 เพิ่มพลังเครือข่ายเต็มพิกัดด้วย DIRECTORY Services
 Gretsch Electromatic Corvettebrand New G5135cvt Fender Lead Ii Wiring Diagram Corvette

==

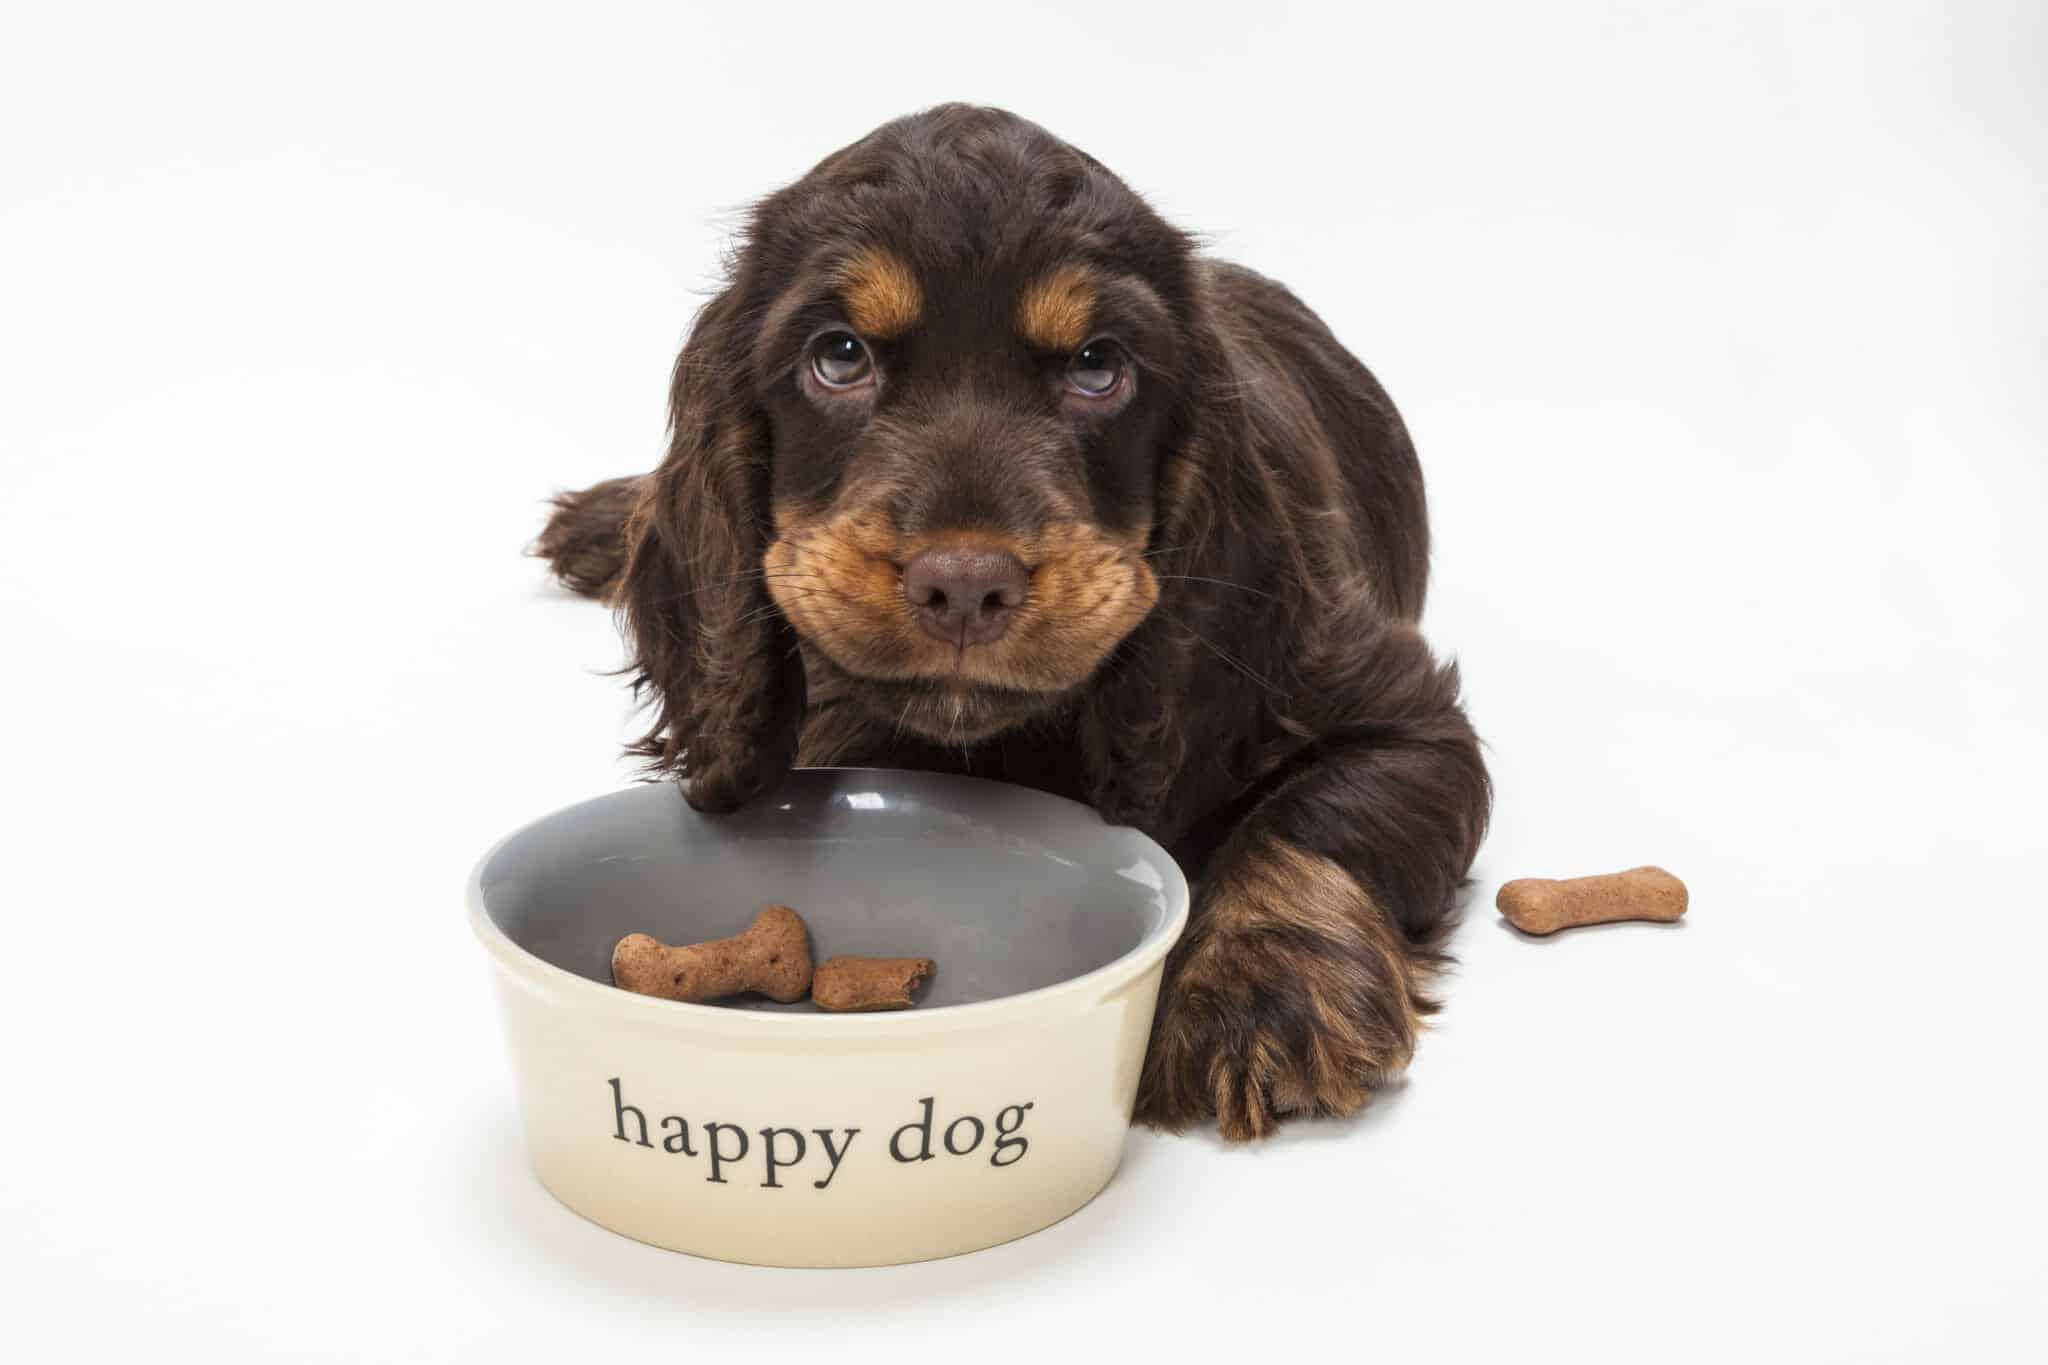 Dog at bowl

> _Activity_:
Scan the lines above for "เพิ่มพลังเครือข่ายเต็มพิกัดด้วย DIRECTORY Services" and for "Gretsch Electromatic Corvettebrand". Repeat exactly the line holding each of them and every line in between.

> _Response to the exercise_:
 เพิ่มพลังเครือข่ายเต็มพิกัดด้วย DIRECTORY Services
 Gretsch Electromatic Corvettebrand New G5135cvt Fender Lead Ii Wiring Diagram Corvette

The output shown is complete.